Collaborative Bookmaking: A New Vision of Generosity and Support in Self-Publishing with Ramble Editions
Collaborative Bookmaking: A New Vision of Generosity and Support in Self-Publishing with Ramble Editions
Wednesday, March 27th, at 7 pm ET on Zoom
As we continue our exploration and inquiry into collaborative making, we hope you will join us for a conversation on collaborative bookmaking with Ramble Editions co-founders Kristen Welles Bartley and Erik Mace and collaborators Olga Ginzburg, Evan Simko-Bednarski, Anna Gage Norton, and Frances Bukovsky.
Ramble Editions is a publishing collective rooted in experimentation through collaboration. Individual artists’ projects are unified by a quarterly theme, and books are made through a generous exchange of ideas, critique, and support throughout the publishing process. Ramble aims to uplift each artist's vision while seeking new connections within the collective, striving to achieve equity and accessibility within photobook publishing.
Ramble Editions will provide an overview of their creative process, share work from past and current artists, and well as iterations of their book series.
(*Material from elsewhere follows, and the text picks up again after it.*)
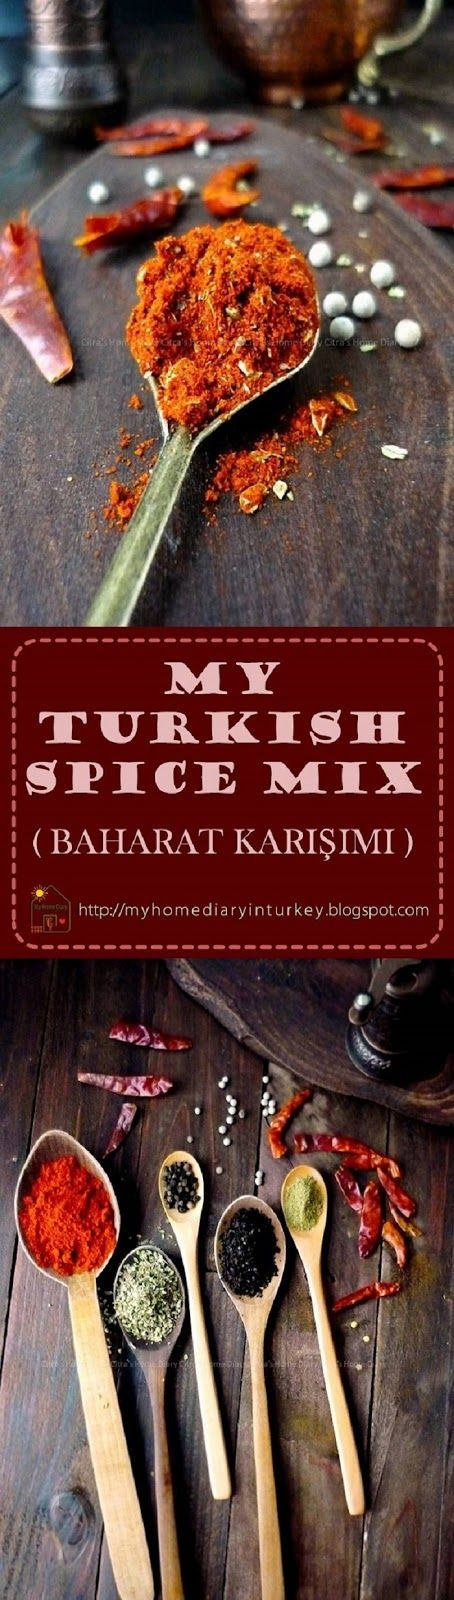 TURKİSH SPİCE MİX ( BAHARAT KARIŞIMI ) +

Join us for this open conversation as we explore the potential of collaborative bookmaking.
Kristen Welles Bartley is a photographer, collector and educator based in Brooklyn, NY. Drawing upon the subjects of mortality, human connection and notion of home, her images navigate the space between the internal and external. As a collector, Kristen maintains a growing archive of thousands of vernacular 20th century photographs. From this archive, book projects emerge as stories that connect her to lives of the past as vessels for nostalgia and processing identity. She received her BS in Communication from the University of Miami. In 2020, Kristen was a full scholarship recipient of the Advanced Track Program at the International Center of Photography. She currently manages the education and visitor services programs at the Alice Austen House Museum.
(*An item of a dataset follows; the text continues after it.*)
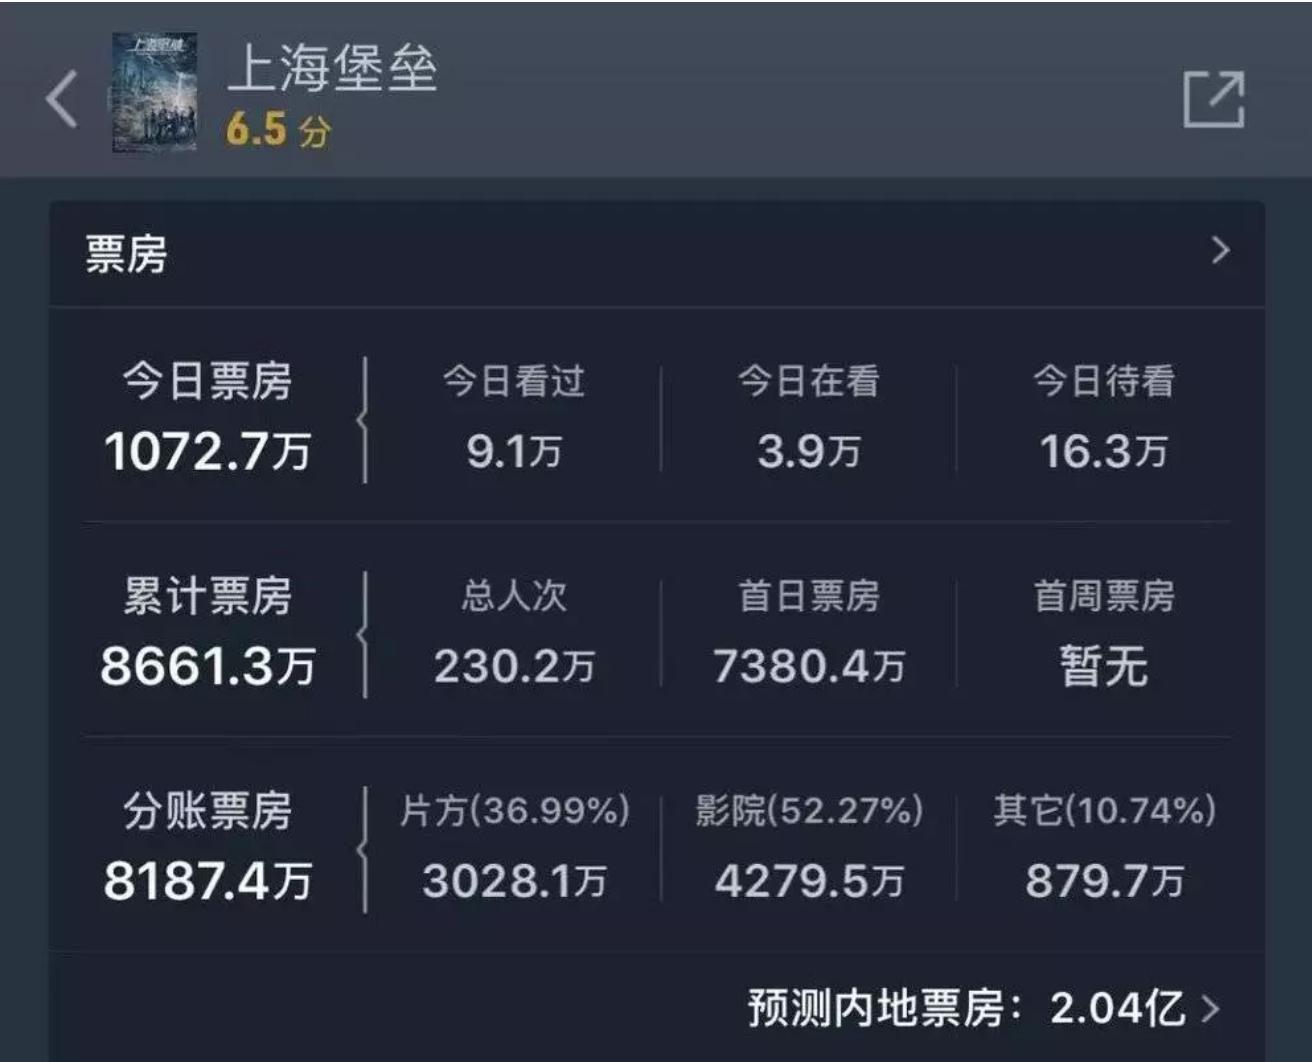 《上海堡垒》倒掉了,中国电影有救了 热门事件 第5张
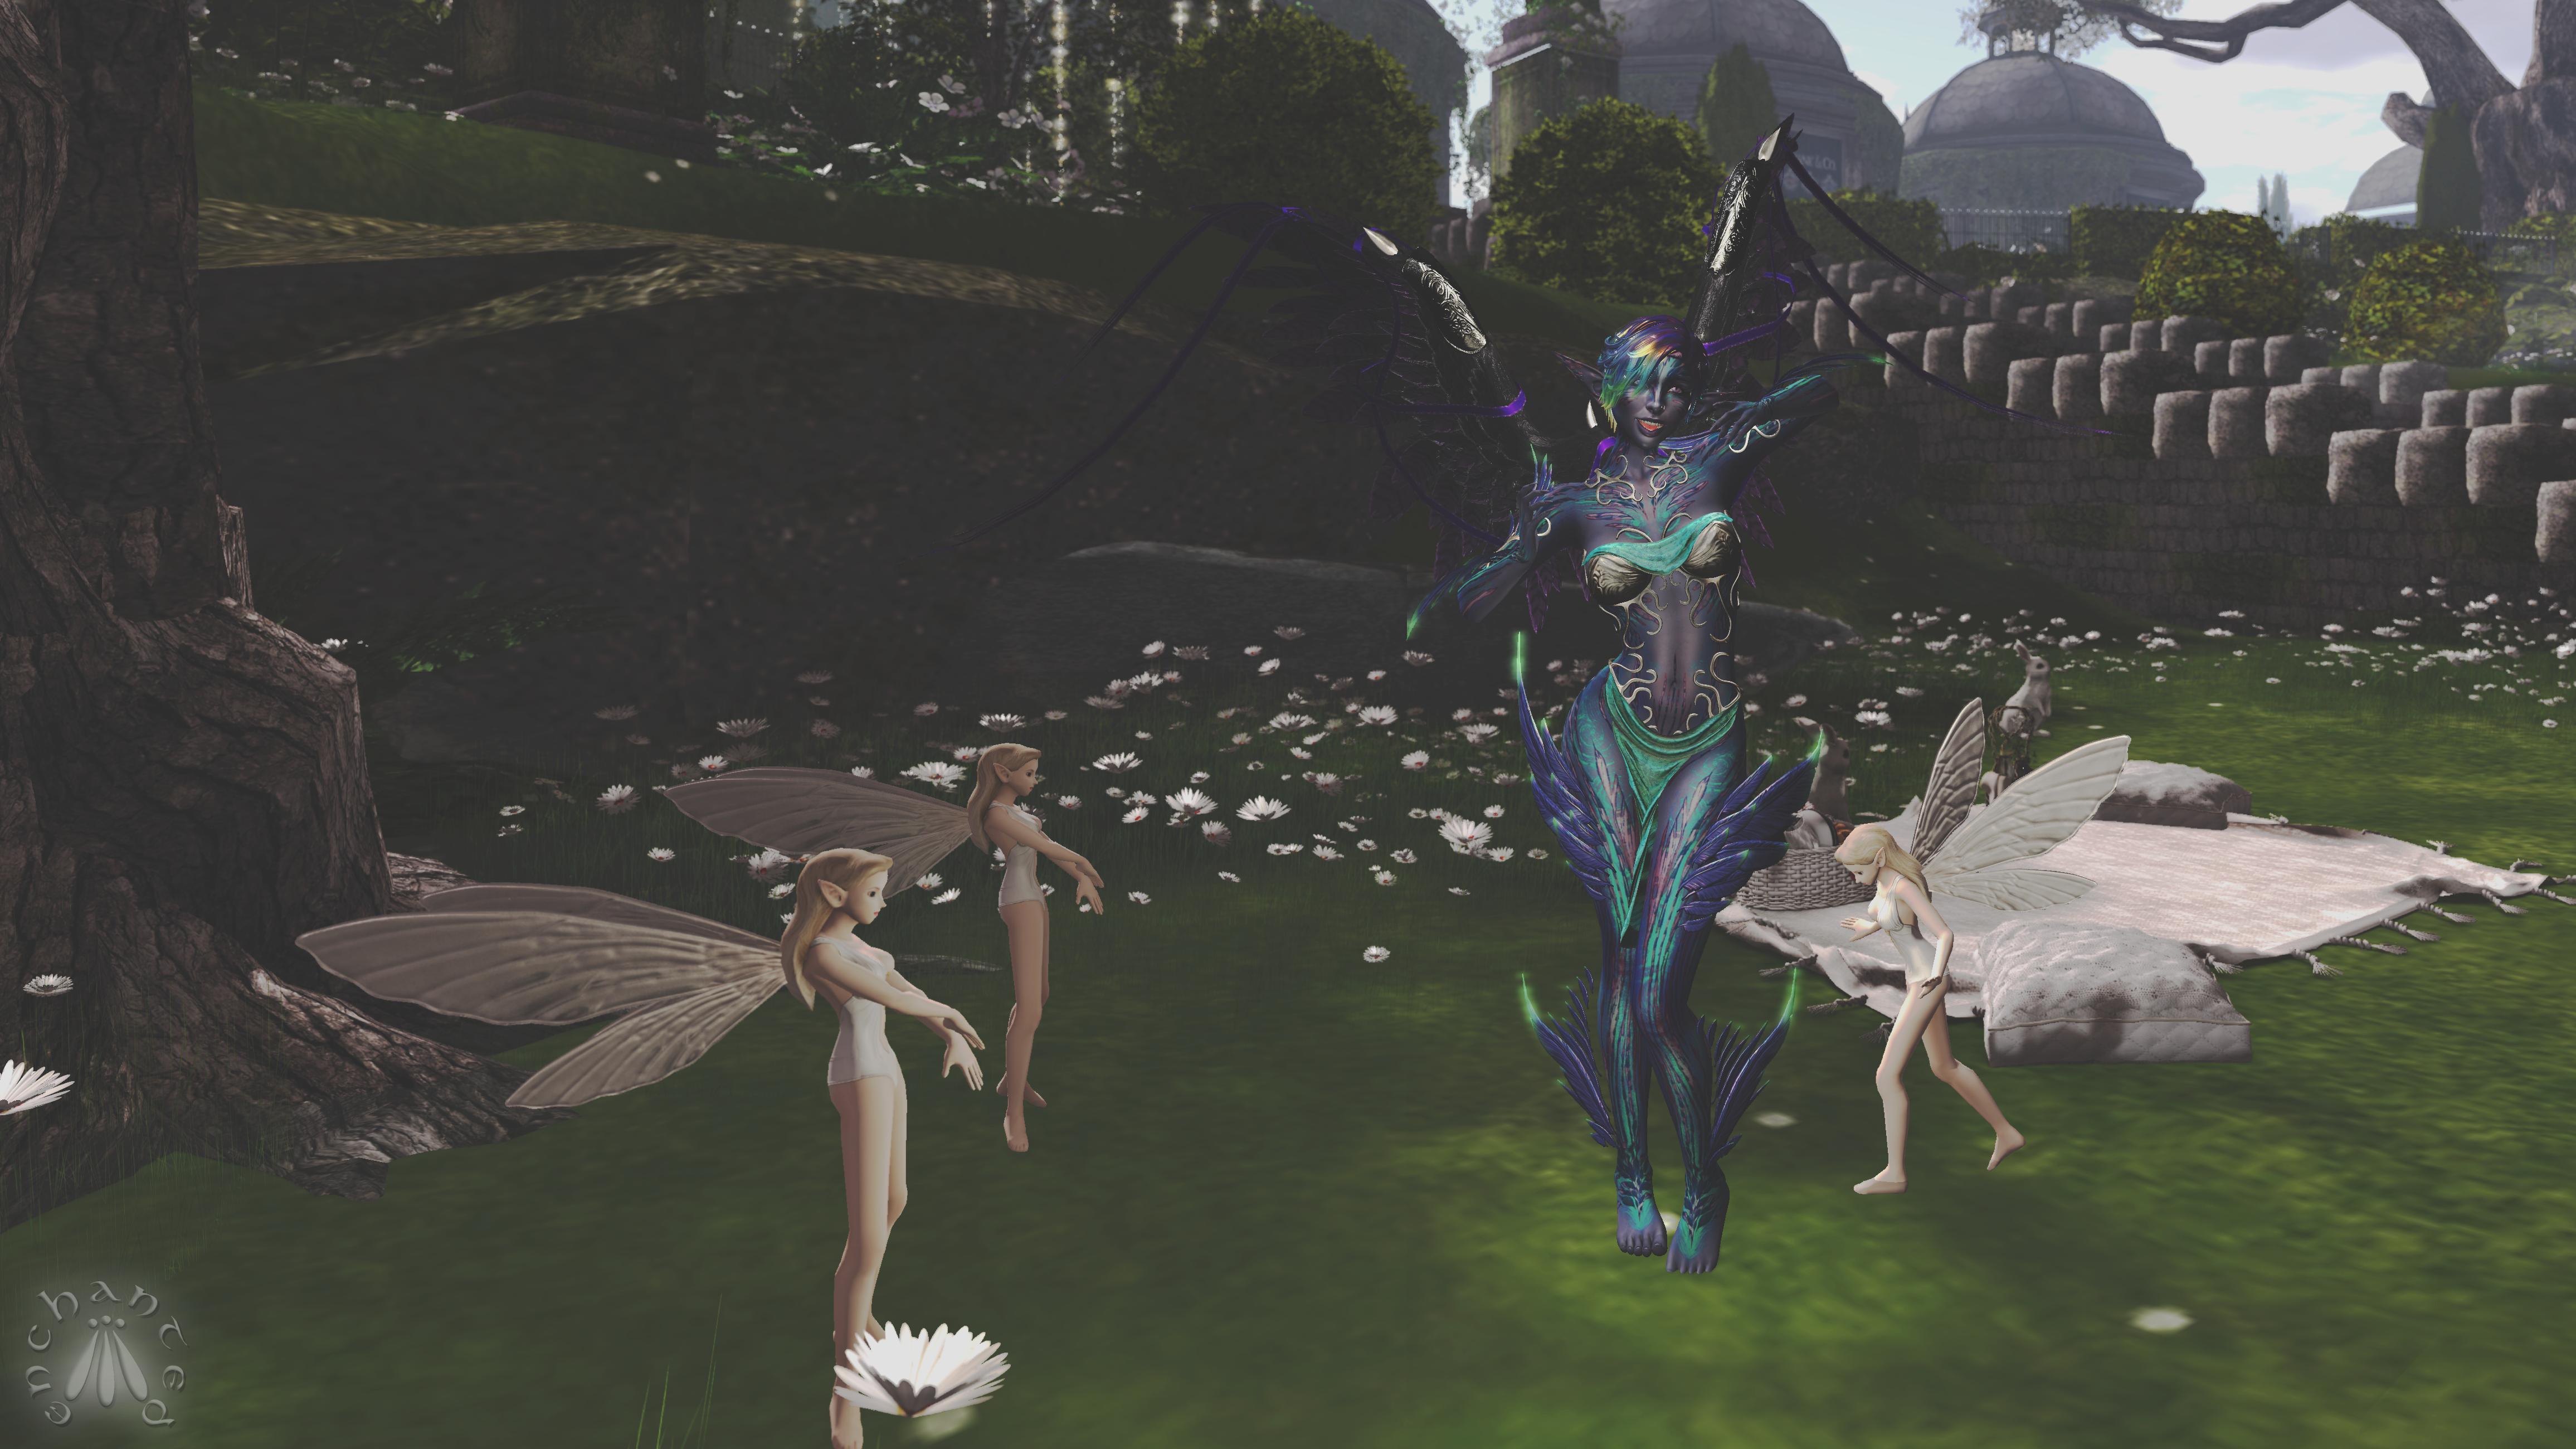 Lunafae_023 BLOG

Erik Mace is a visual artist who uses photography, graphic design, and book arts as his tools of inquiry. As an experimental visual thinker, he is deeply curious about the power of photography and adjacent media and how to take advantage of their limitations. His work is connected by a sense of restlessness where he seeks out messy processes, delighting in how visual and language-based tools can be expressly matched to subject matter, causing a body of work to rise from the chaos. Many of his projects germinate from specific personal memories and grow into deeper discussions of place and identity, while other bodies of work are born from a general sense of wonder. Erik received his BFA in Visual Communications from Washington University in St. Louis and is an alumnus of the Contemporary Photography program at the ICP in New York. He currently holds a leadership position with the Kinship Photography Collective, leading workshops on photography, sequencing, and bookmaking.